* COLLECTED MATERIAL
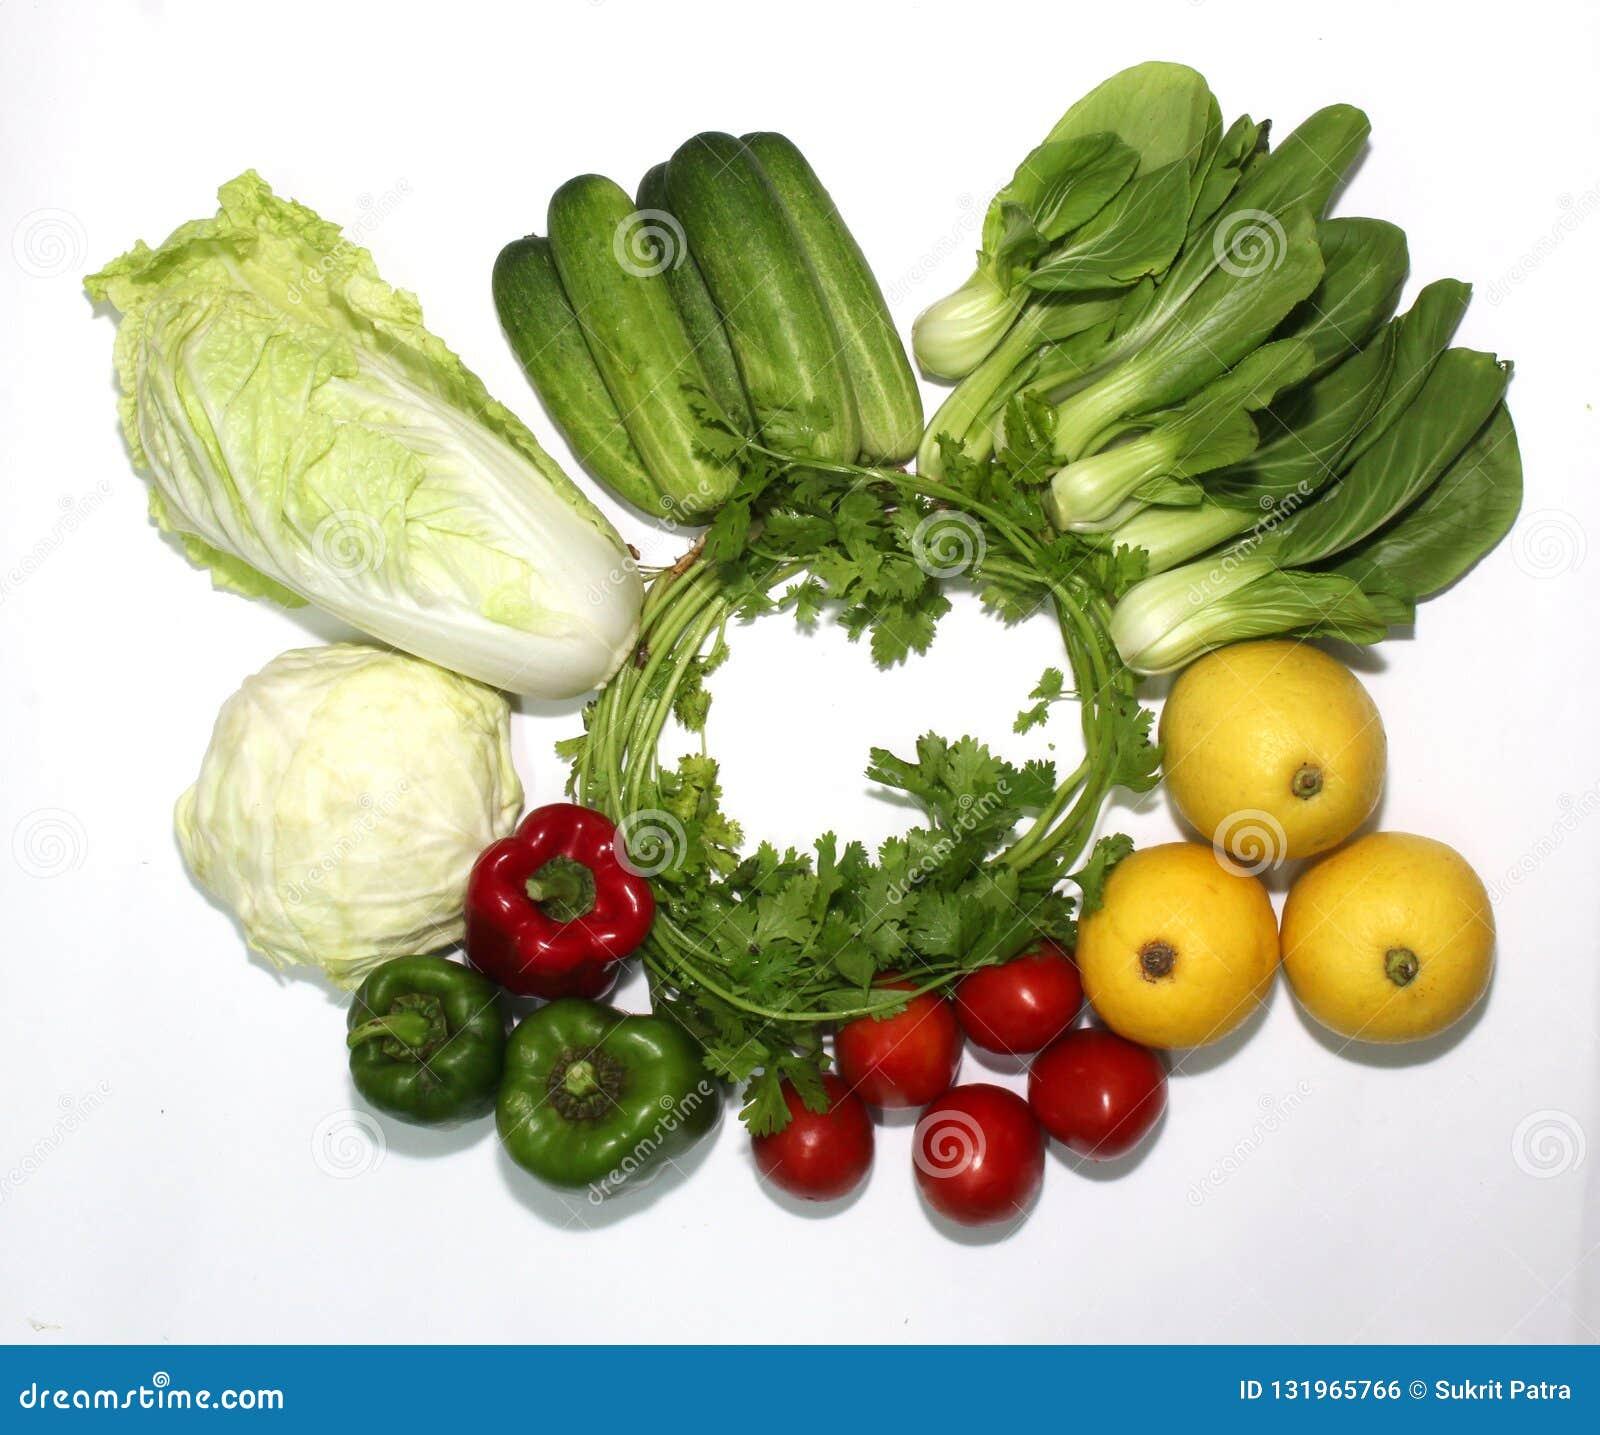 Geïllustreerde verscheidenheid van groenten op een witte achtergrond en een mooie spar,
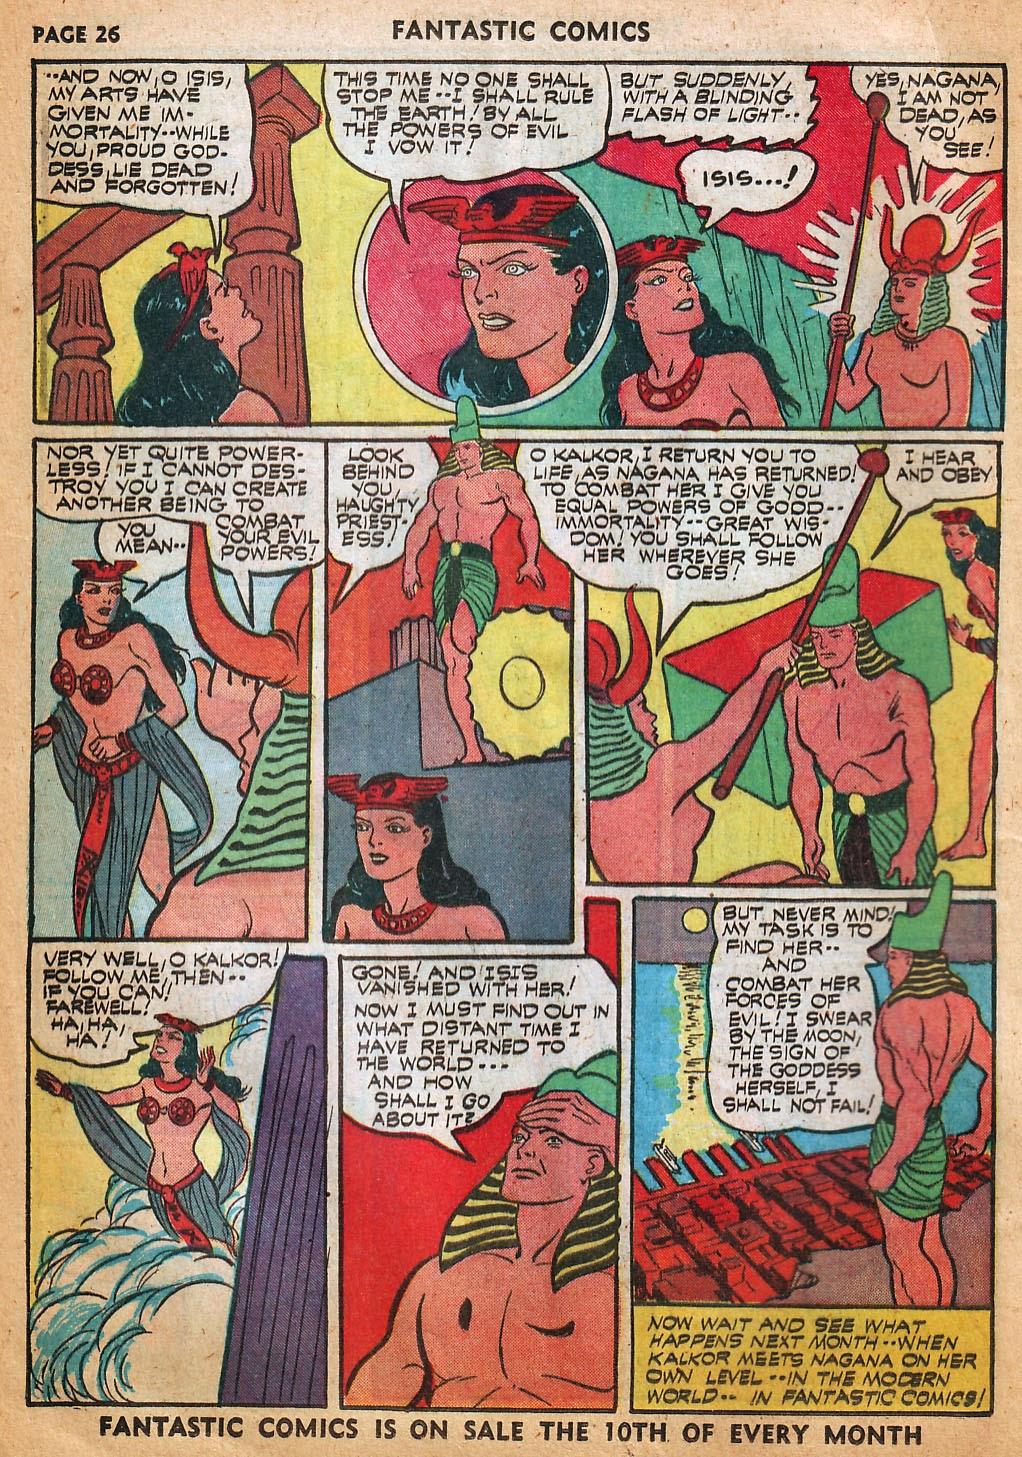 Read online Fantastic Comics comic -  Issue #22 - 28
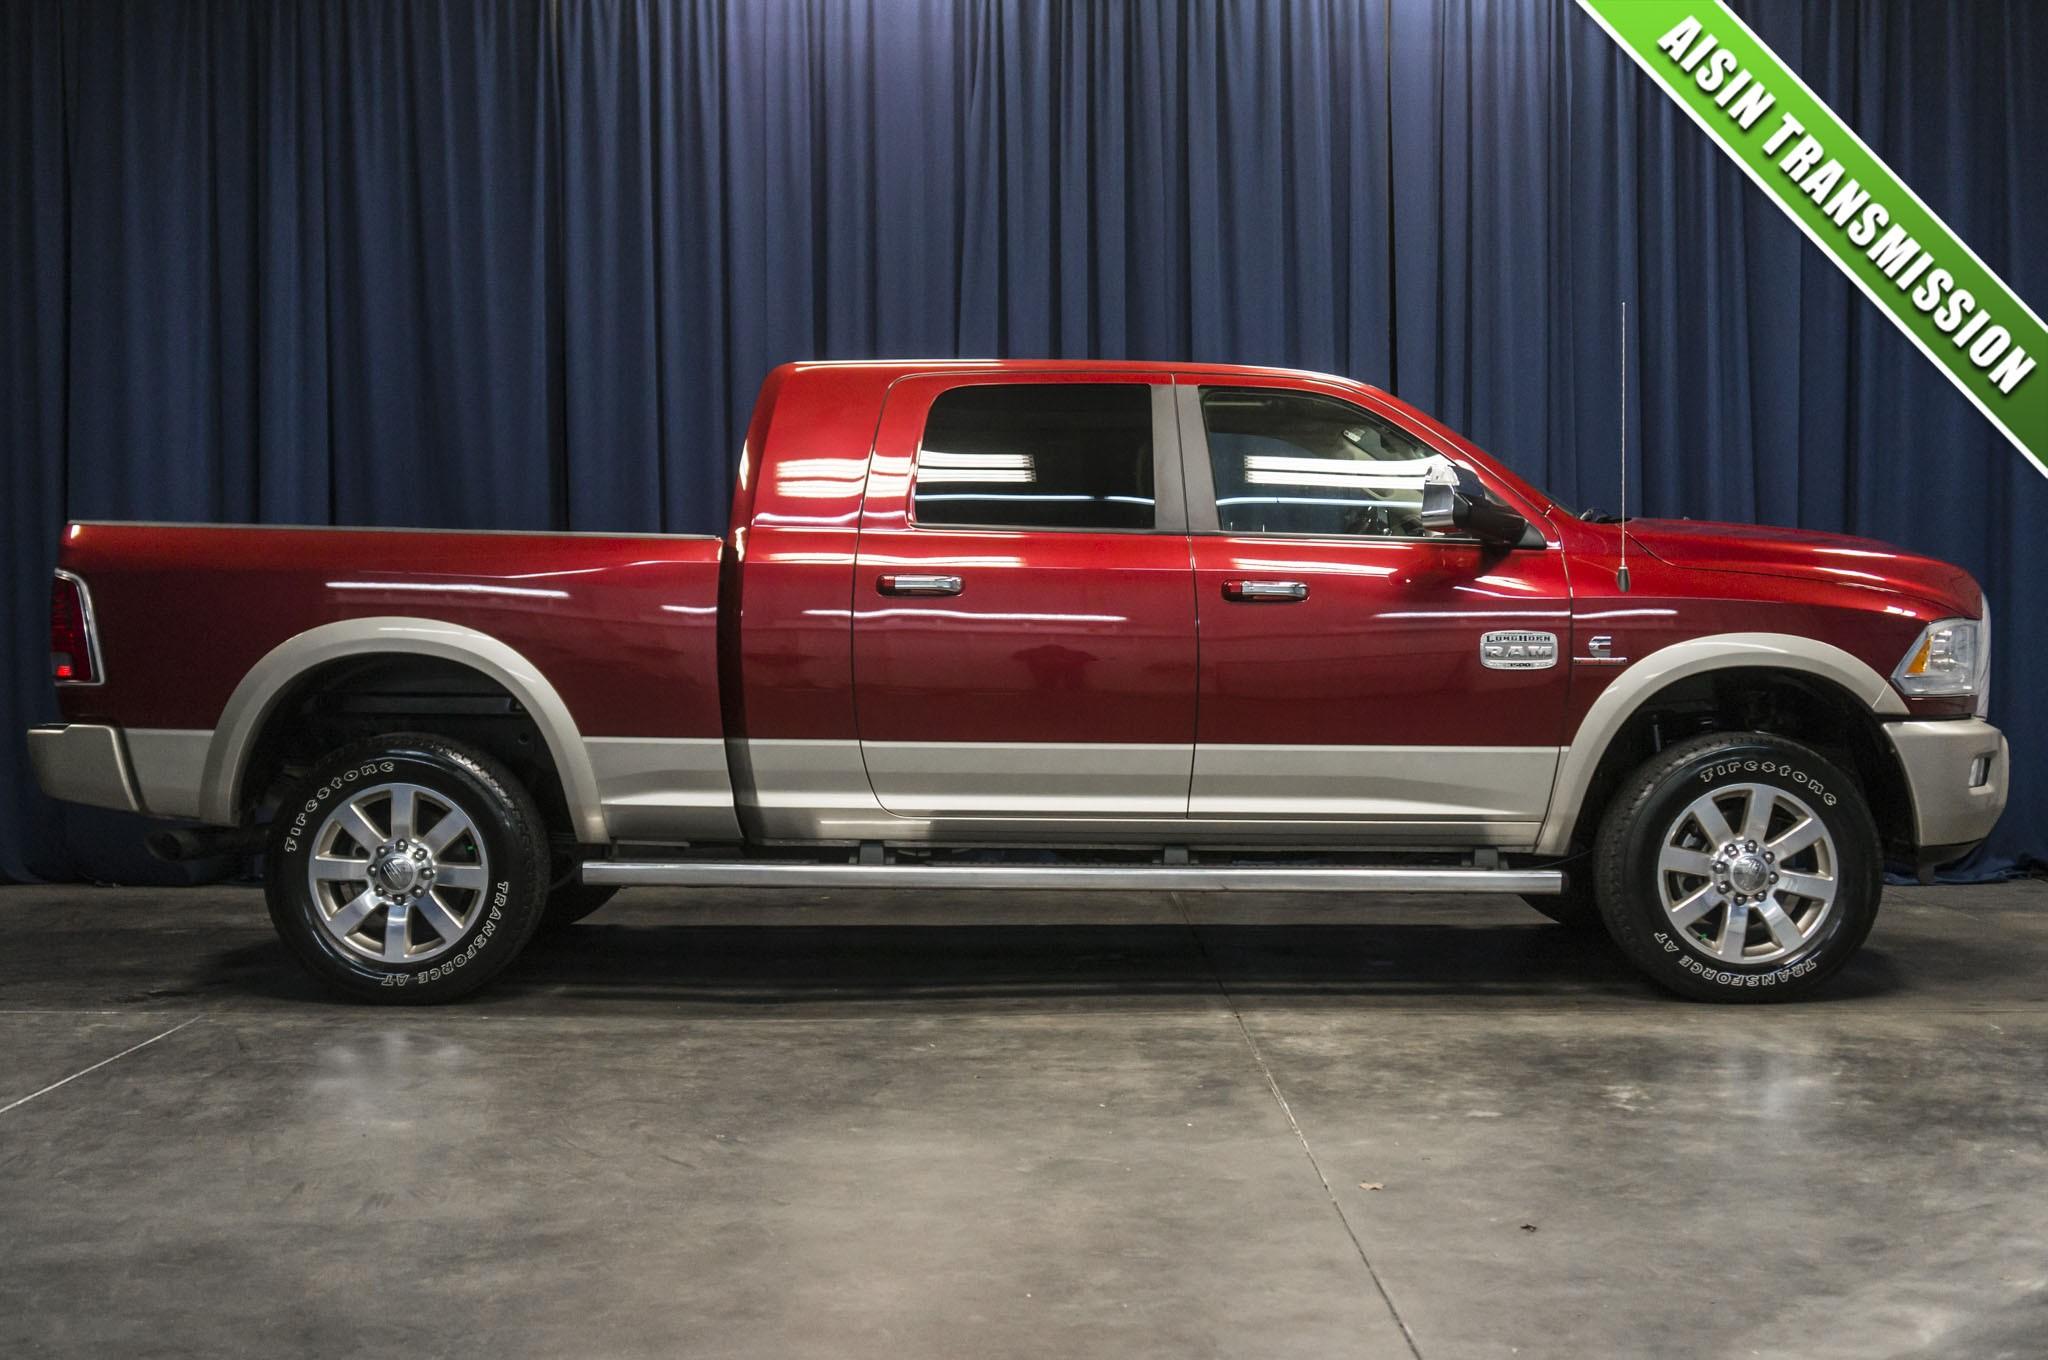 used 2014 dodge ram 3500 longhorn 4x4 diesel truck for sale 37843. Black Bedroom Furniture Sets. Home Design Ideas

* ASSIGNMENT
Starting with the top line, write out all the data above exactly; keep the pictures out.

* TASK OUTPUT
 Geïllustreerde verscheidenheid van groenten op een witte achtergrond en een mooie spar,
 Read online Fantastic Comics comic -  Issue #22 - 28
 used 2014 dodge ram 3500 longhorn 4x4 diesel truck for sale 37843. Black Bedroom Furniture Sets. Home Design Ideas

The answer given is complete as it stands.